The side effects of hormonal treatment, experienced by individual athletes could, with further evidence, demonstrate the practical impossibility of compliance which could, in turn, lead to a different conclusion as to the proportionality of the DSD regulations.

The verdict is certain to cause controversy, as Semenya was backed by a global coalition of nations and scientific experts who argued that testosterone is an arbitrary and unfair measure for determining gender.

Experts also stressed that achieving excellence in sport is a combination of training and commitment as well as genetics and that barring people from competition over a single genetic factor has no scientific basis.

In a rare intrusion into the world of sport, the United Nations Human Rights Council adopted a resolution last month branding the IAAF rules “unnecessary, humiliating and harmful”.
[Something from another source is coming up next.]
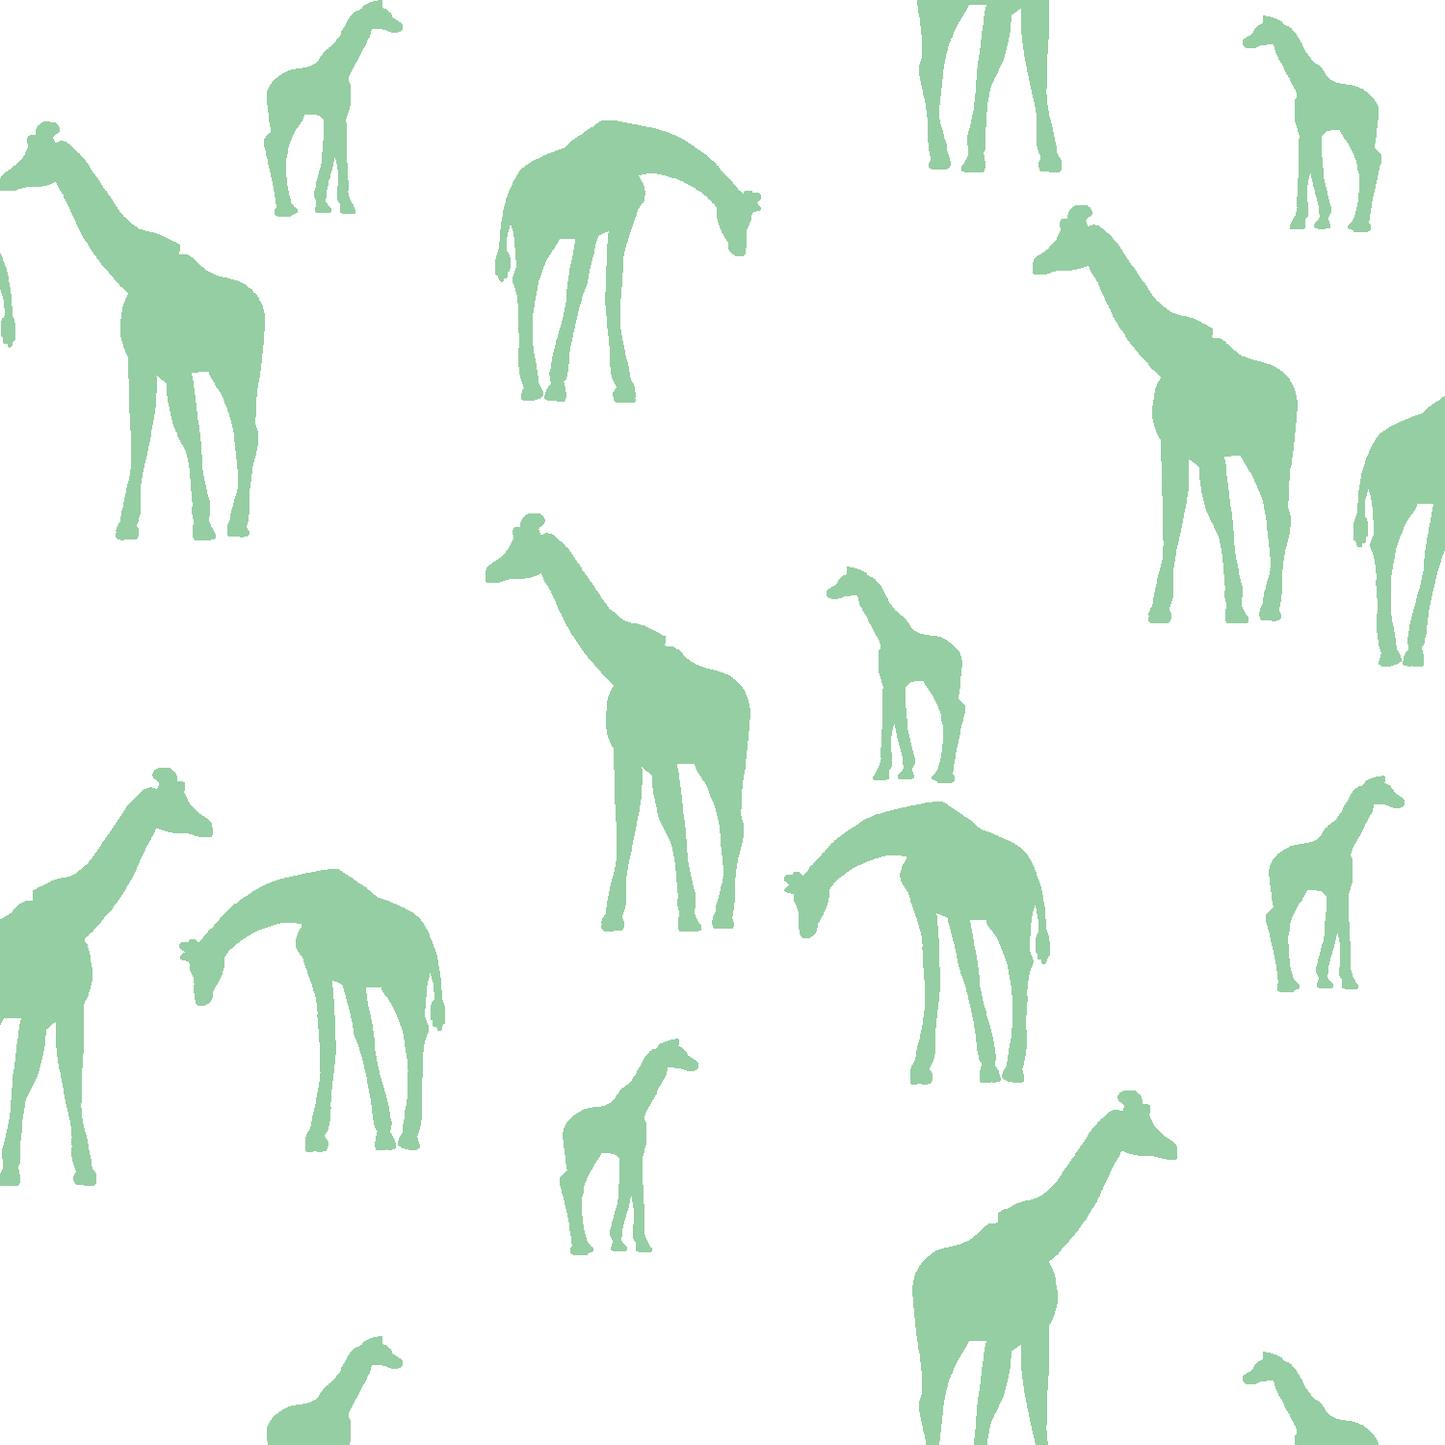 Giraffe Silhouette in Sprout on White

Imago 20180902 Semenya's testosterone levels are not known to the public. Imago / PA Images Imago / PA Images / PA Images

The IAAF has countered that DSD athletes with male levels of testosterone “get the same increases in bone and muscle size and strength and increases in haemoglobin that a male gets when they go through puberty.”

Semenya’s testosterone levels are not publicly known, but she is unlikely to be the only athlete affected by Wednesday’s verdict.

The two athletes who finished behind her in the Rio Olympics 800m, Francine Niyonsaba of Burundi and Kenya’s Margaret Wambui, have also faced questions about their testosterone levels.